The airily designed Outlook Kitchen and Bar is helmed by rockstar chef Tatiana Rosana, a first-generation Cuban-American, who oversees the bold, always-surprising food program at the hotel. Star of The Food Network’s Beat Bobby Flay and Chopped, she’s also twice earned the title of Chopped Champion.
We especially enjoyed the bountiful, fresh breakfast and brunch offerings, including a Maine lobster benedict that was truly to die for – while the roasted cinnamon apple french toast was also totally irresistible. Dinner was just as outstanding, especially Rosana’s delectable yucca gnocchi, the Georges Bank scallops and the locally sourced Pineland Farms filet mignon. There’s a determined focus on locally sourced seasonal ingredients, which puts Outlook at the forefront of sustainable dining in Boston (N.B. – Check out chef Rosana’s delectable dishes on Instagram, @chef.tatiana.)

Outlook Kitchen and Bar

 

Finding ourselves craving something sweet between shopping stops, we popped into Japanese ice cream import Taiyaki, on Seaport Boulevard just a few blocks from The Envoy.
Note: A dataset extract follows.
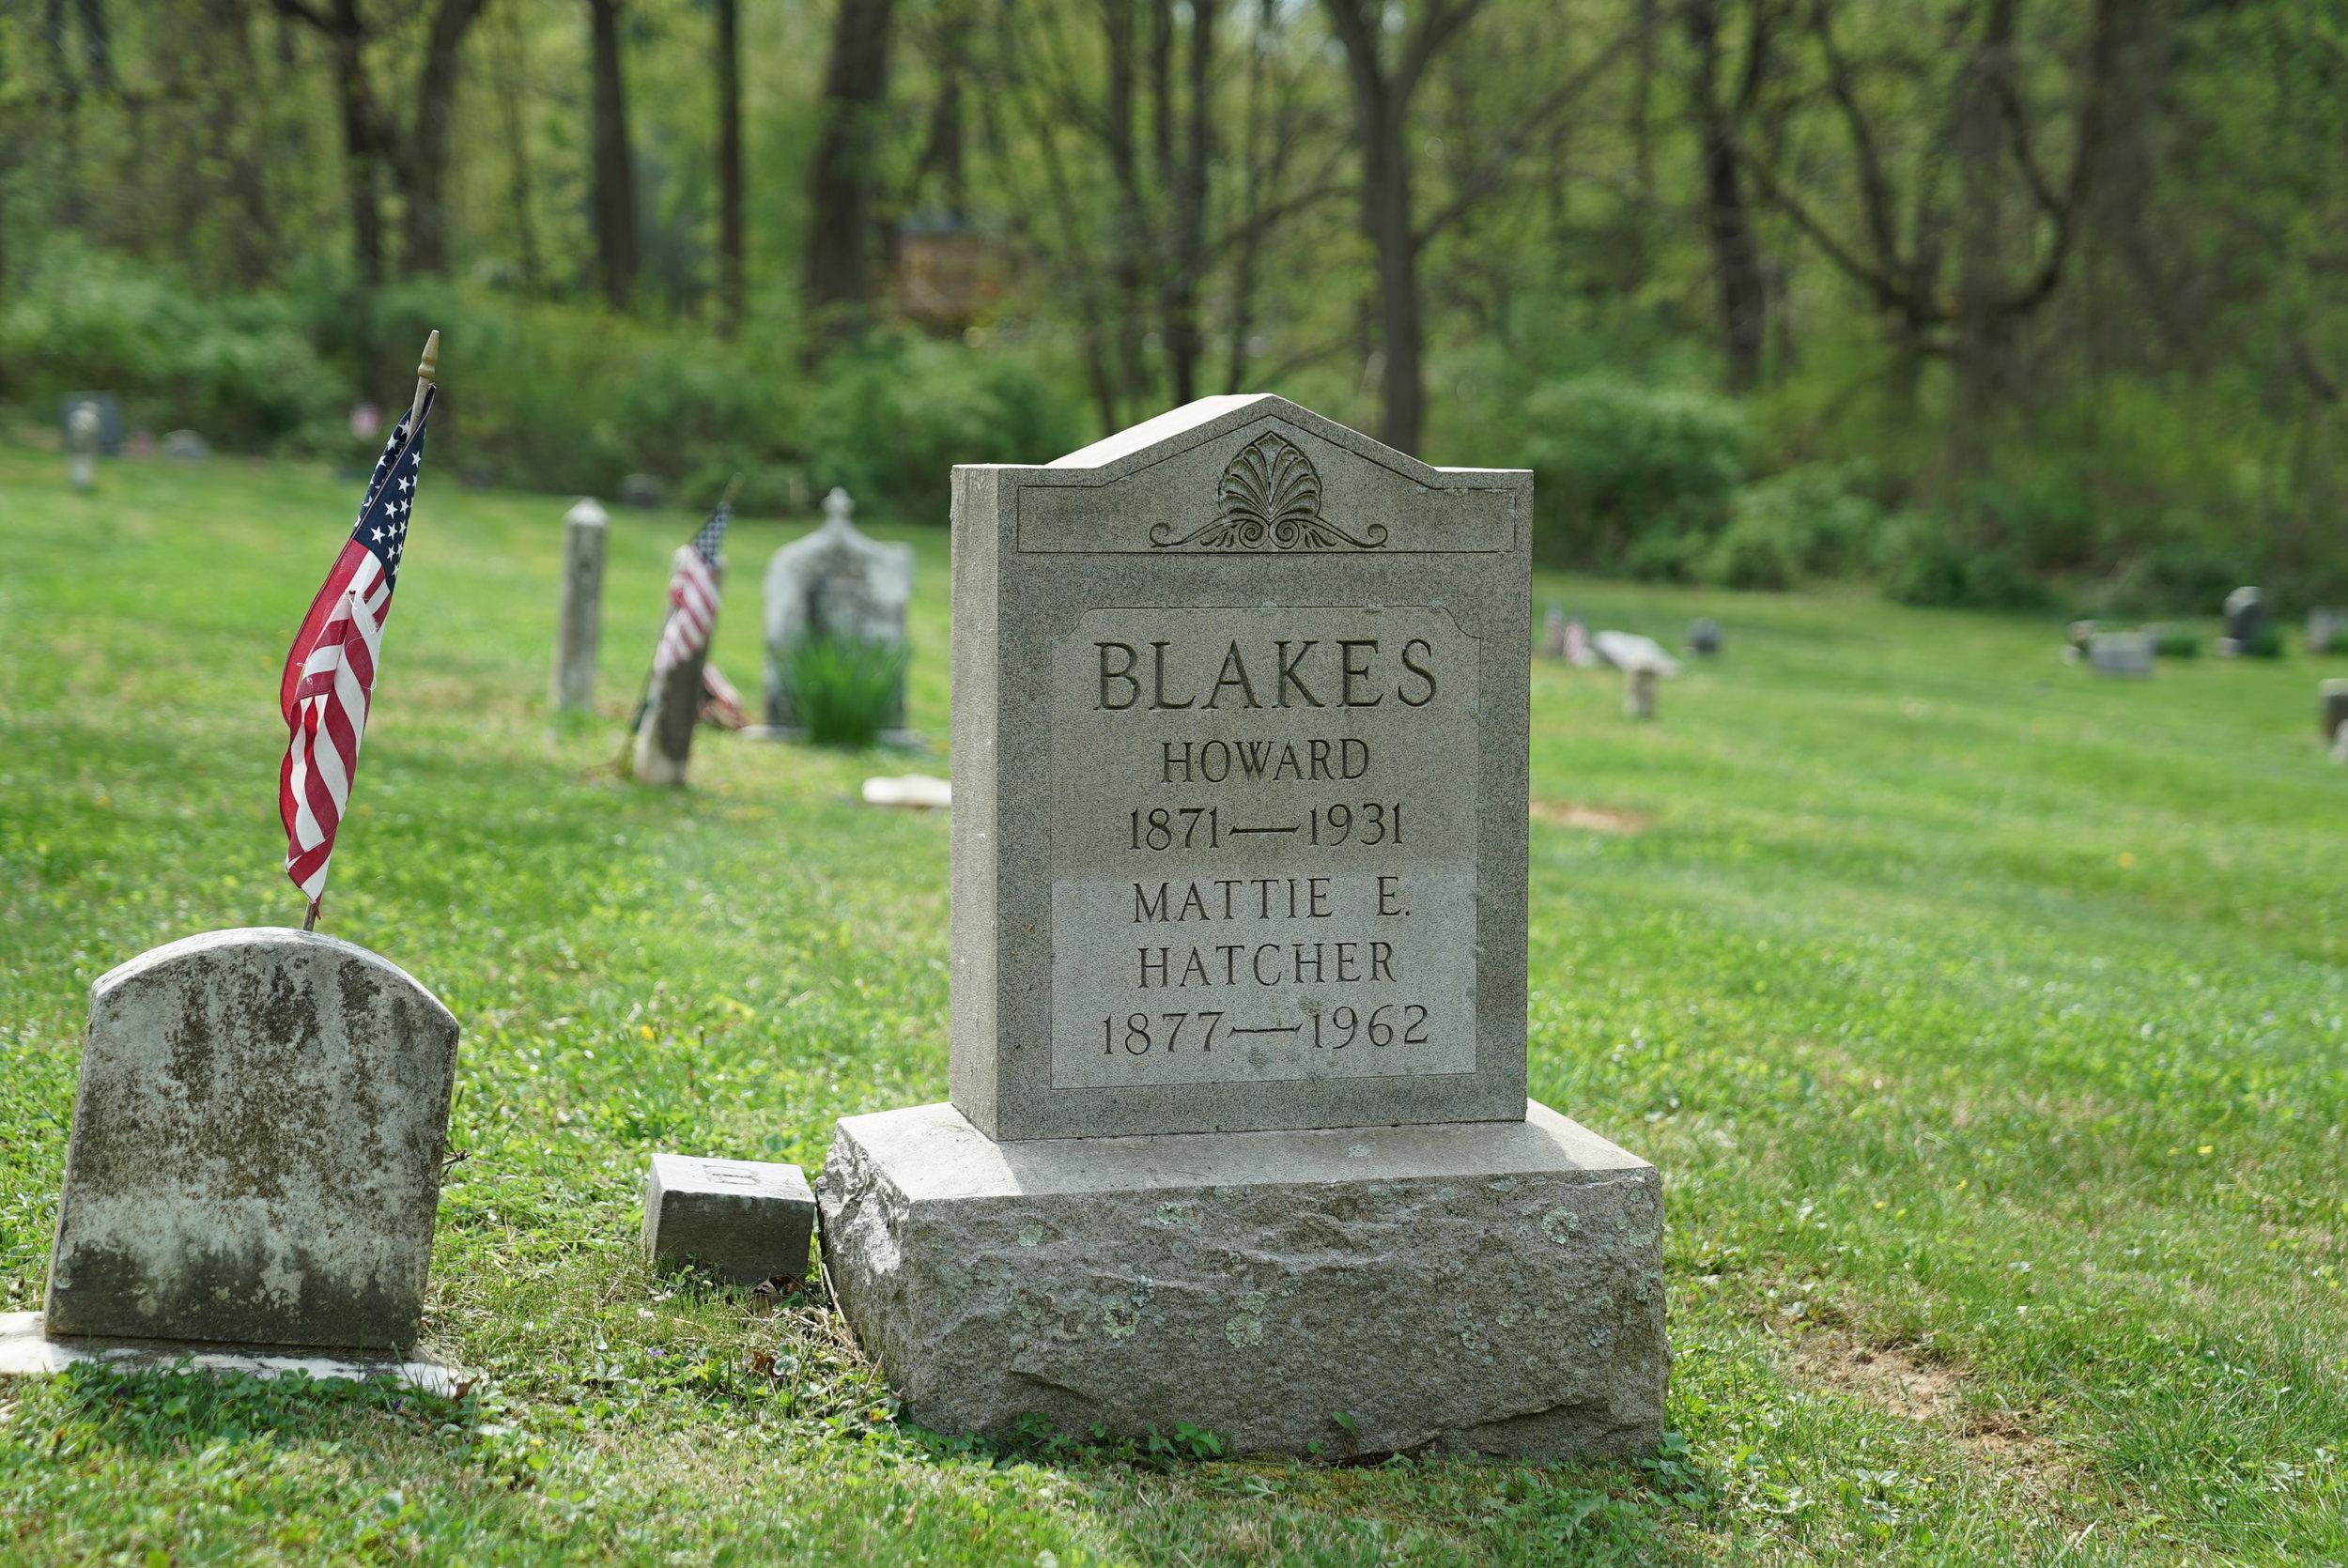 Tombstone at Thornbury African Methodist Episcopal Church Cemetery. Glen Mills, Pennsylvania area.
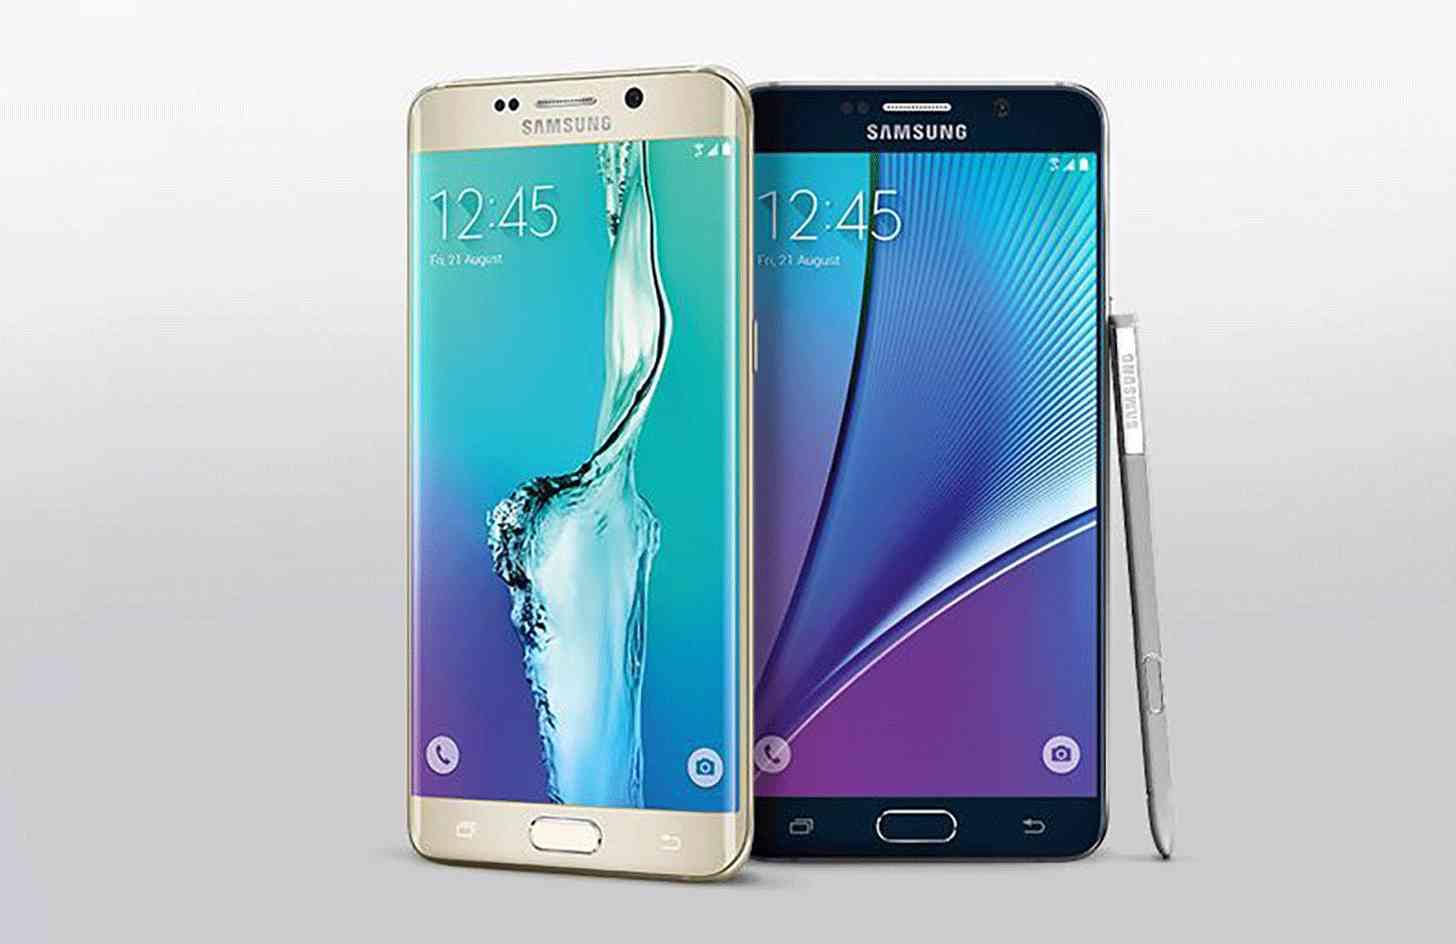 Samsung Galaxy Note 5 S6 edge+ large

Home of the custard-filled, whimsical fish-shaped waffle cone of Instagram fame, Kawaii-lovers from Toronto to Miami to Williamsburg have been madly posting since Taiyaki hit North America in 2016. We chose the matcha and black sesame soft-serve as a start, filling the freshly-made cones with red bean paste, then topping them with mini M&M’s.
The Seaport actually now boasts a apoplexy-inducing array of dining options, from the low-key to the Michelin-starred. Exalted Chef Barbara Lynch lords over the scene with her outstanding Italian diner Sportello, as well as Menton, a fancy-fancy Relais & Chateaux member serving delectable French fusion. Also worth a stop are Cardullo’s Gourmet Shoppe (a long time favorite from Harvard Square), Lolita Cocina & Tequila Bar, Strega Waterfront (you may find yourself seated next to one of the Patriots), plant-based NYC export by Chloe, the landmark, century old seafood classic No Name Restaurant, and a Tatte Bakery and Cafe. We were significantly spoiled for choice, obviously.

Menton

 

Considering Boston’s comely cityscape and harbor, it’s still a little light on rooftop venues. Which partly explains the wild popularity of the Envoy’s spectacular Lookout lounge/bar. But we also loved the clever cocktails like the Fizz Bump (Hendricks, Lavender & Earl Grey Simple, lemon, egg white) and the Cereal Keeler (Keel Vodka, Americano Bianco, pineapple, orange, cherry bitters). The skyline and waterfront views, of course, are eminently Instagrammable. But with colder temps upon us, the Lookout also features glowing fire pits, out of the way ceiling-mounted heaters and cozy blankets for keeping nice and toasty while sipping a hot Teeling Frisky whiskey cocktail.